------ Input data ------

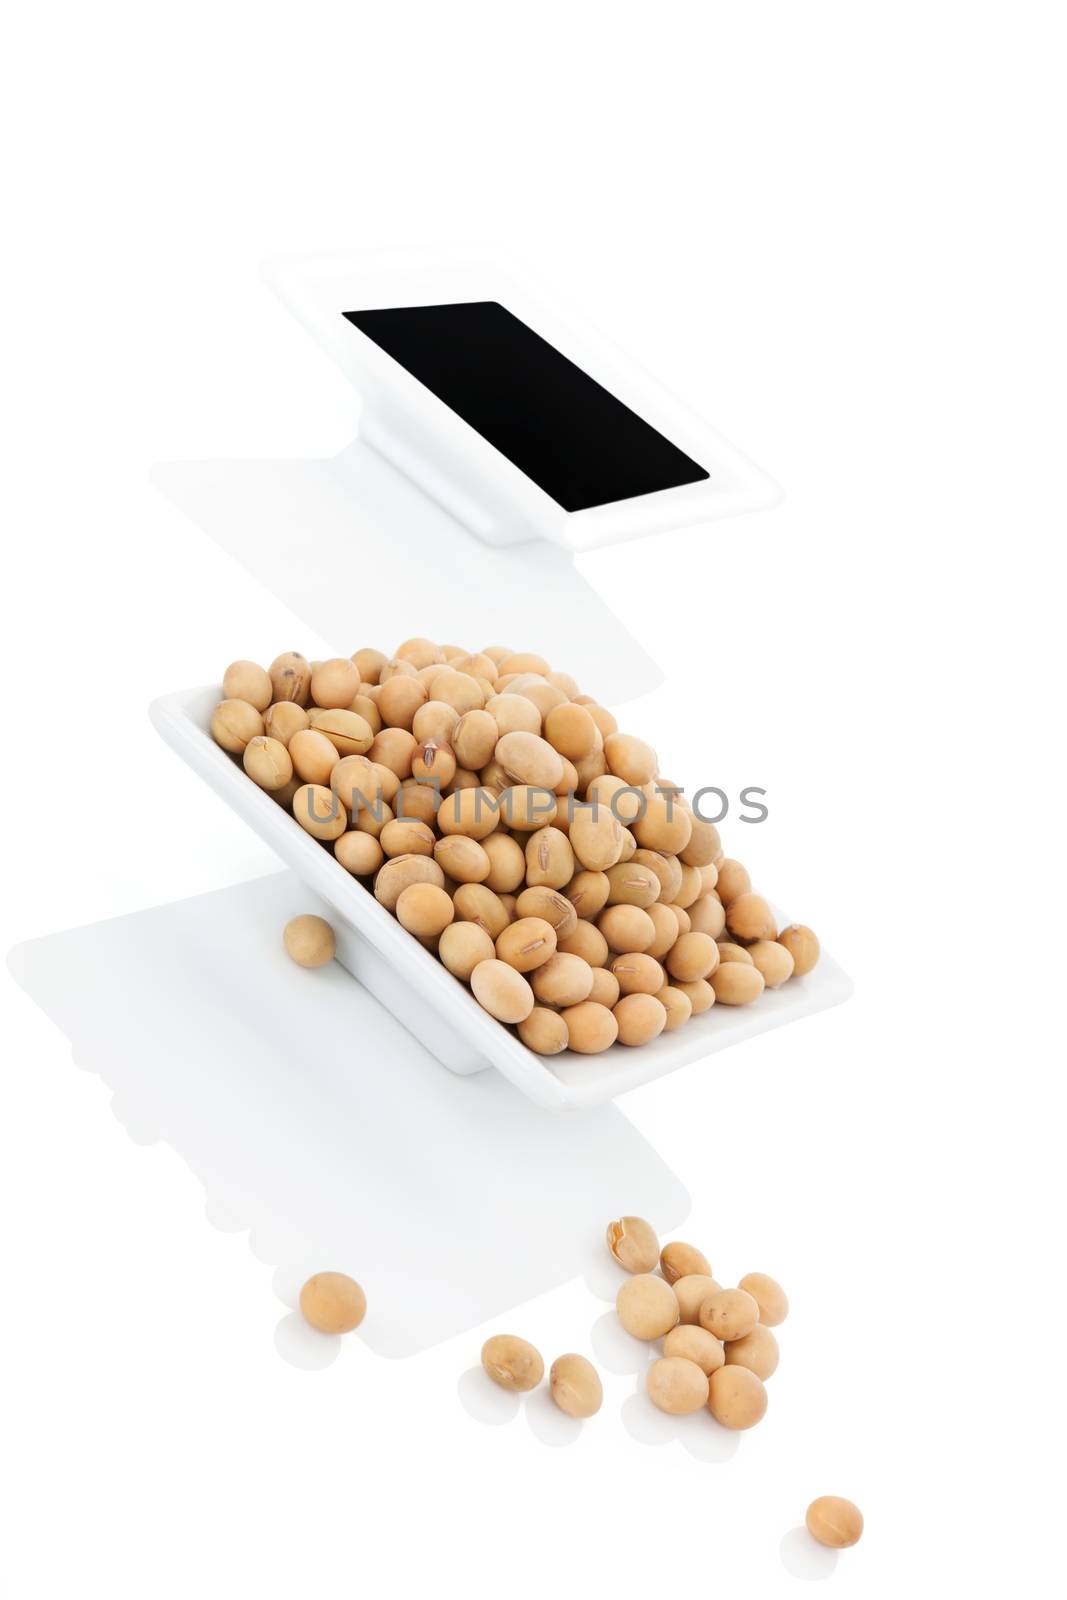 Soya sauce and soybeans in bowls isolated on white background. Culinary soya concept.
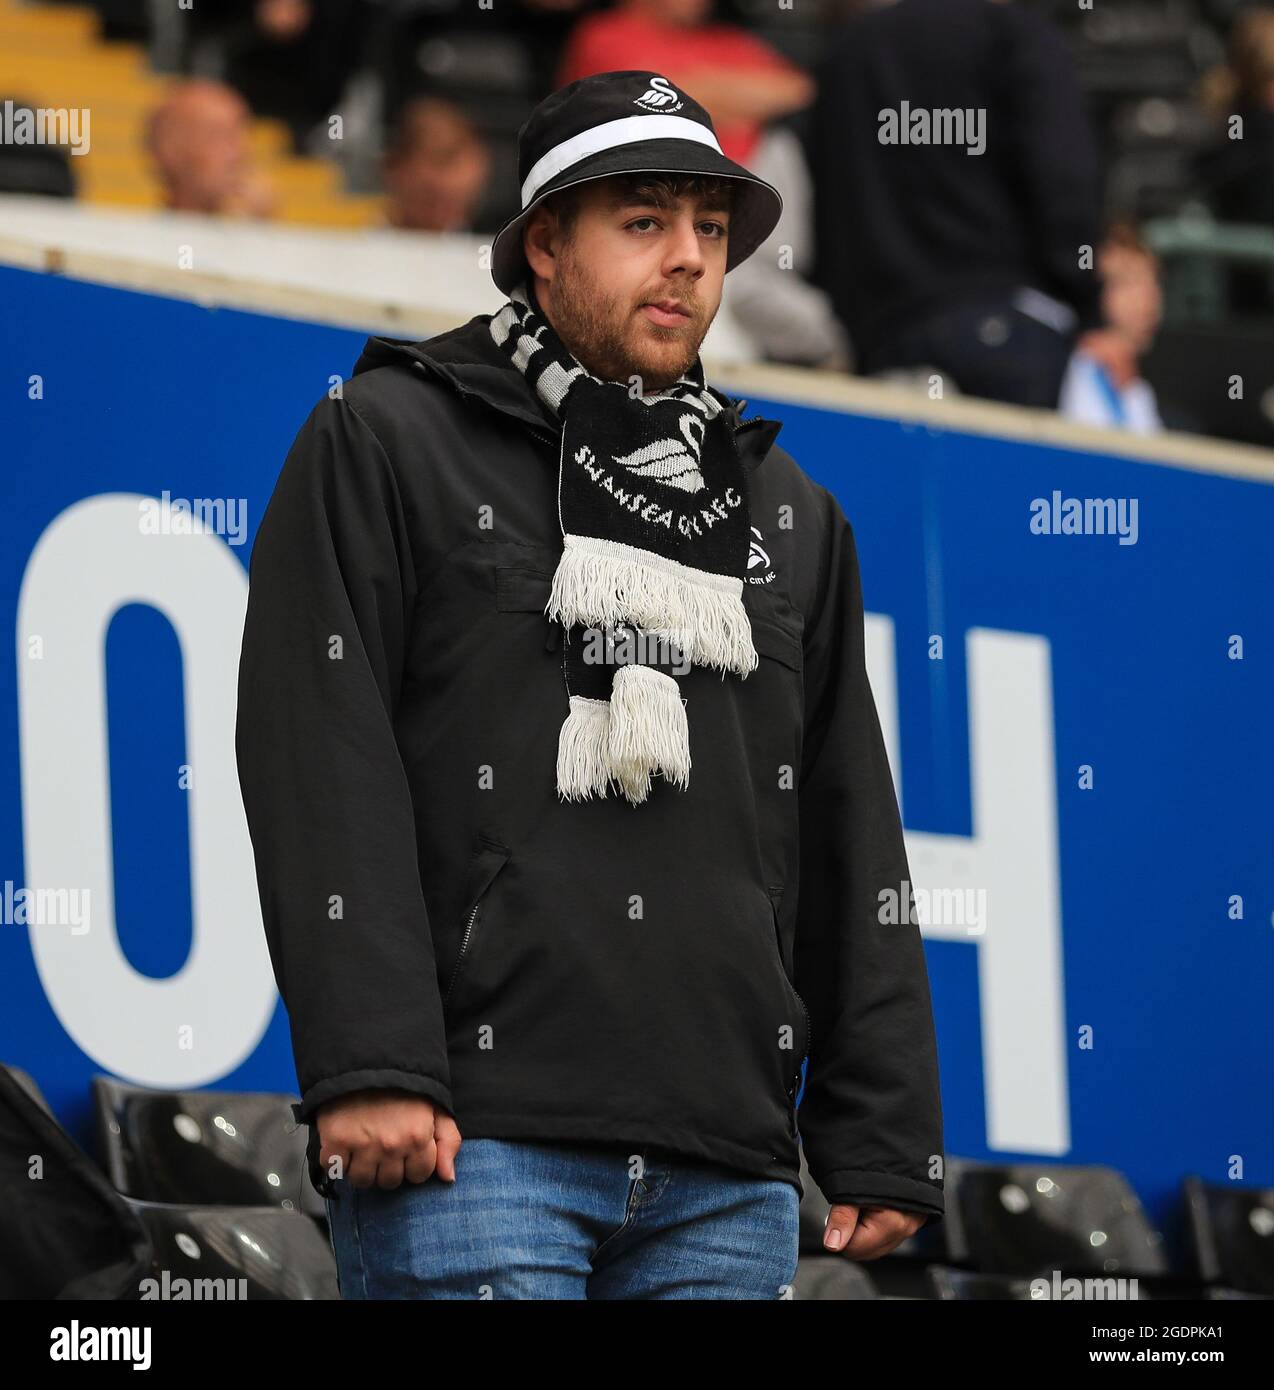 Liberty Stadium, Swansea, UK. 14th Aug, 2021. EFL Championship League football, Swansea versus Sheffield United: A Swansea City fan savours the atmosphere before kick off after a season out with the pandemic Credit: Action Plus Sports/Alamy Live News Stock Photo
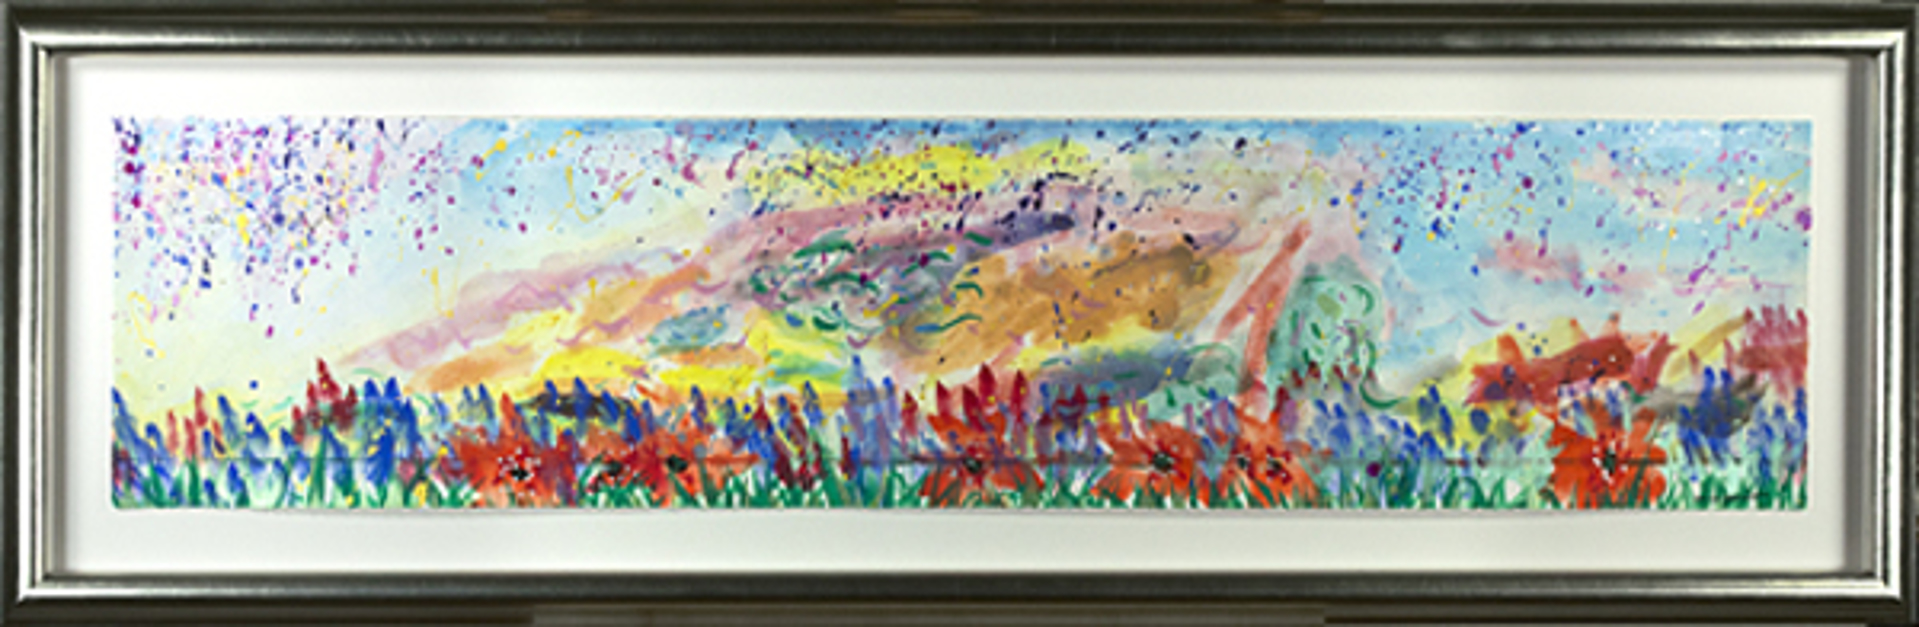 Abstract with Grass and Poppies II by David Barnett
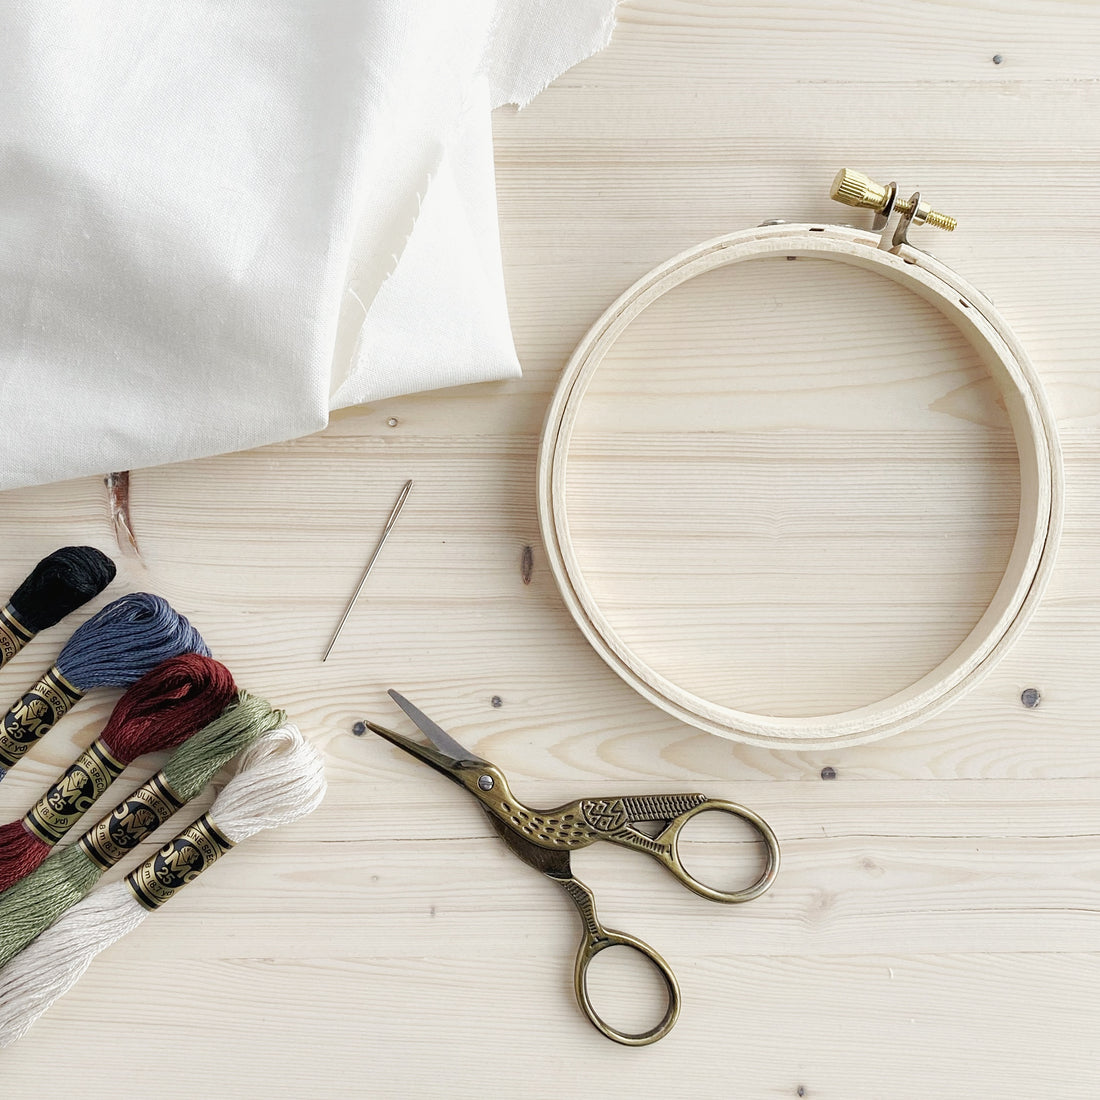 Embroidery essentials: a wooden embroidery hoop, an embroidery needle, DMC embroidery floss, quilting cotton fabric, and a pair of stork-shaped embroidery scissors.

------

== What you need to do ==
The whole listing above is to be repeated exactly, apart from its pictures.

== The completed task ==
 Soya sauce and soybeans in bowls isolated on white background. Culinary soya concept.
 Liberty Stadium, Swansea, UK. 14th Aug, 2021. EFL Championship League football, Swansea versus Sheffield United: A Swansea City fan savours the atmosphere before kick off after a season out with the pandemic Credit: Action Plus Sports/Alamy Live News Stock Photo
 Abstract with Grass and Poppies II by David Barnett
 Embroidery essentials: a wooden embroidery hoop, an embroidery needle, DMC embroidery floss, quilting cotton fabric, and a pair of stork-shaped embroidery scissors.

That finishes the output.